Faster Predictive Coding Networks via Better Initialization

• URL: http://arxiv.org/abs/2601.20895v1
• Date: Wed, 28 Jan 2026 08:52:19 GMT
• Title: Faster Predictive Coding Networks via Better Initialization
• Authors: Luca Pinchetti, Simon Frieder, Thomas Lukasiewicz, Tommaso Salvatori,
• Abstract summary: We propose a new technique for predictive coding networks that aims to preserve the iterative progress made on previous training samples.<n>Our experiments demonstrate substantial improvements in convergence speed and final test loss in both supervised and unsupervised settings.
• Score: 52.419343840654186
• License: http://creativecommons.org/licenses/by/4.0/
• Abstract: Research aimed at scaling up neuroscience inspired learning algorithms for neural networks is accelerating.
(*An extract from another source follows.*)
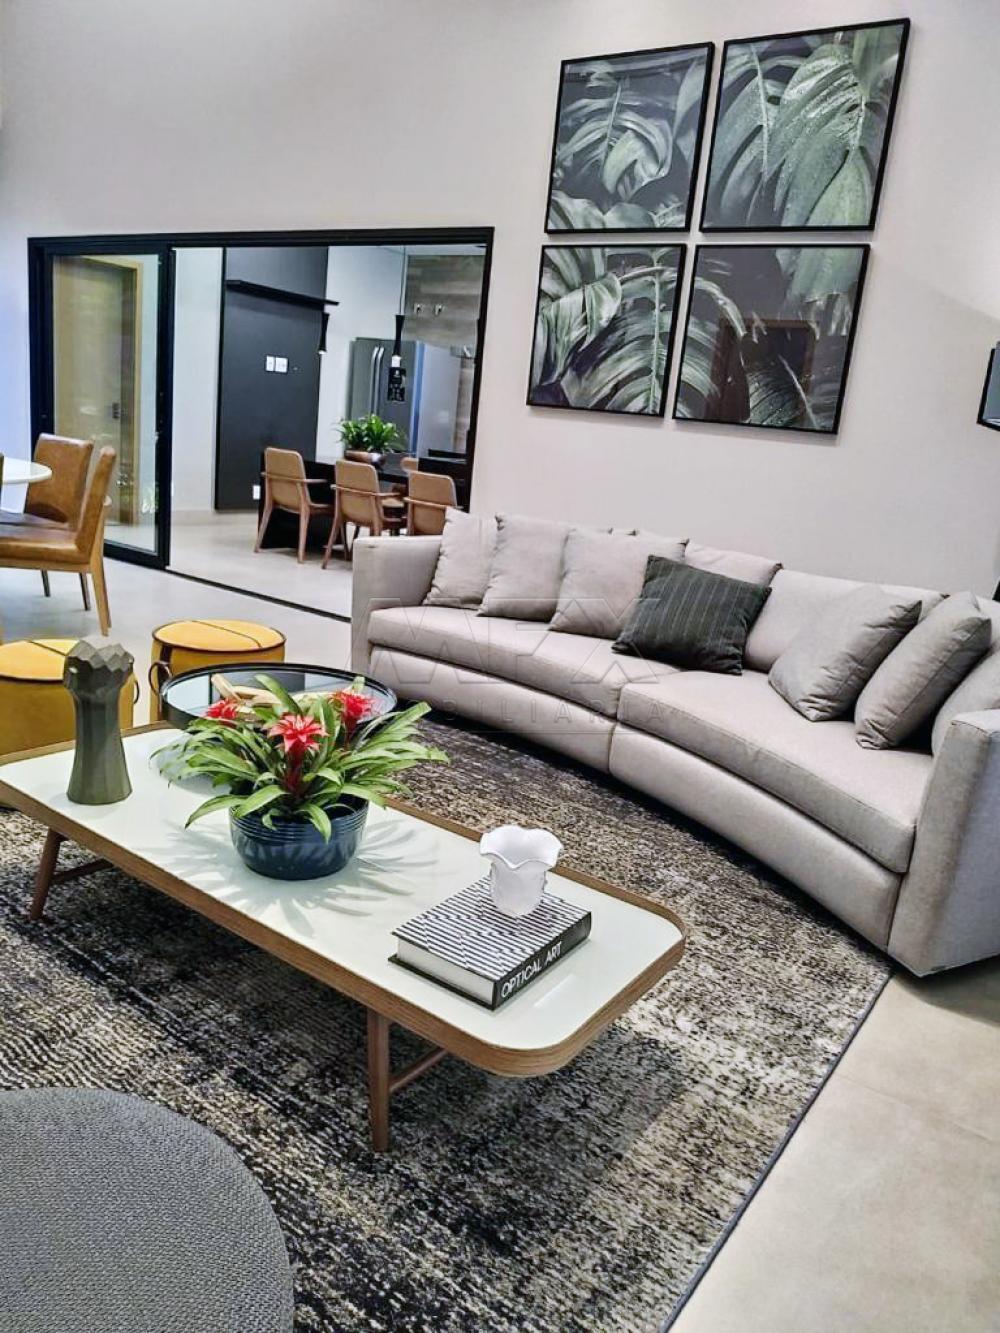 Comprar Casa / Condomínio em Bauru R$ 2.400.000,00 - Foto 7

Recently, a key research area has been the study of energy-based learning algorithms such as predictive coding, due to their versatility and mathematical grounding. However, the applicability of such methods is held back by the large computational requirements caused by their iterative nature. In this work, we address this problem by showing that the choice of initialization of the neurons in a predictive coding network matters significantly and can notably reduce the required training times. Consequently, we propose a new initialization technique for predictive coding networks that aims to preserve the iterative progress made on previous training samples. Our approach suggests a promising path toward reconciling the disparities between predictive coding and backpropagation in terms of computational efficiency and final performance. In fact, our experiments demonstrate substantial improvements in convergence speed and final test loss in both supervised and unsupervised settings.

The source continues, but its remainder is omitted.